Glucagon-like peptide-1 receptor agonists and cardiovascular events: a meta-analysis of randomized clinical trials.
Exp Diabetes Res · 2011
Last updated 2026-05-28A review of 36 clinical trials found that GLP-1 receptor agonists did not increase the risk of major cardiovascular events in people with type 2 diabetes. The overall risk was slightly lower than with placebo or other treatments, but the difference was not statistically significant.
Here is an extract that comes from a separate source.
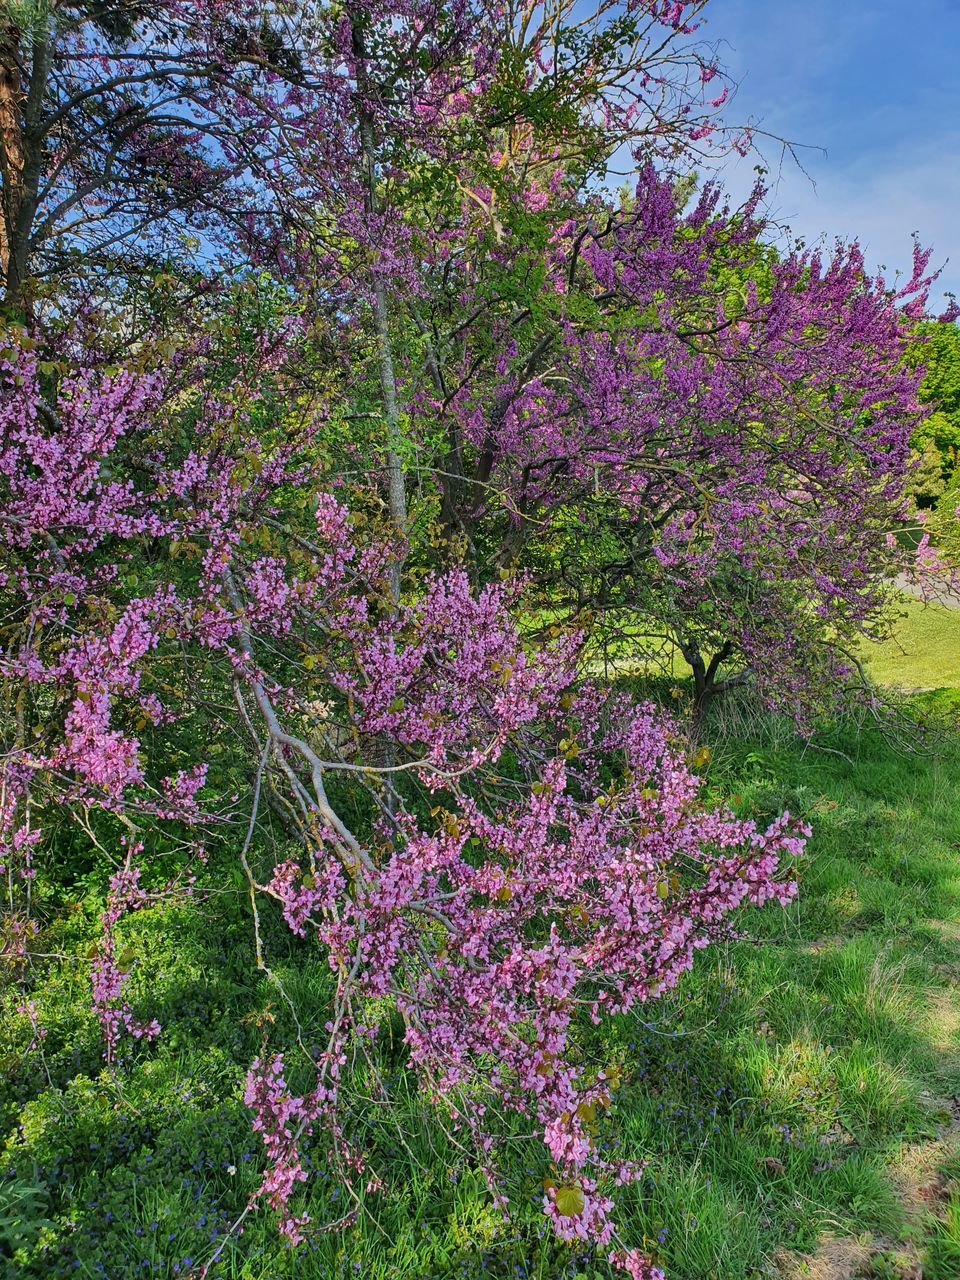 plant, beauty in nature, flower, flowering plant, growth, tree, nature, blossom, shrub, no people, freshness, pink, day, wildflower, fragility, springtime, lilac, land, outdoors, purple, tranquility, low angle view, garden, sky, green, botany, branch

In placebo-controlled trials, the risk was significantly lower, while in trials comparing active treatments, the risk was similar.
AI summary of the abstract below.
| Journal | Exp Diabetes Res, 2011 |
|---|---|
| Citations | 95 |
| Relative citation ratio | 2.99 |
| NIH percentile | 84 |
| Molecules | — |
| Conditions studied | Cardiovascular Risk Reduction |
Abstract
OBJECTIVE: Data from randomized clinical trials with metabolic outcomes can be used to address concerns about potential issues of cardiovascular safety for newer drugs for type 2 diabetes. This meta-analysis was designed to assess cardiovascular safety of GLP-1 receptor agonists.
DESIGN AND METHODS: MEDLINE, Embase, and Cochrane databases were searched for randomized trials of GLP-1 receptor agonists (versus placebo or other comparators) with a duration ≥12 weeks, performed in type 2 diabetic patients. Mantel-Haenszel odds ratio with 95% confidence interval (MH-OR) was calculated for major cardiovascular events (MACE), on an intention-to-treat basis, excluding trials with zero events.
RESULTS: Out of 36 trials, 20 reported at least one MACE. The MH-OR for all GLP-1 receptor agonists was 0.74 (0.50-1.08), P = .12 (0.85 (0.50-1.45), P = .55, and 0.69 (0.40-1.22), P = .20, for exenatide and liraglutide, resp.). Corresponding figures for placebo-controlled and active comparator studies were 0.46 (0.25-0.83), P = .009, and 1.05 (0.63-1.76), P = .84, respectively.
CONCLUSIONS: To date, results of randomized trials do not suggest any detrimental effect of GLP-1 receptor agonists on cardiovascular events. Specifically designed longer-term trials are needed to verify the possibility of a beneficial effect.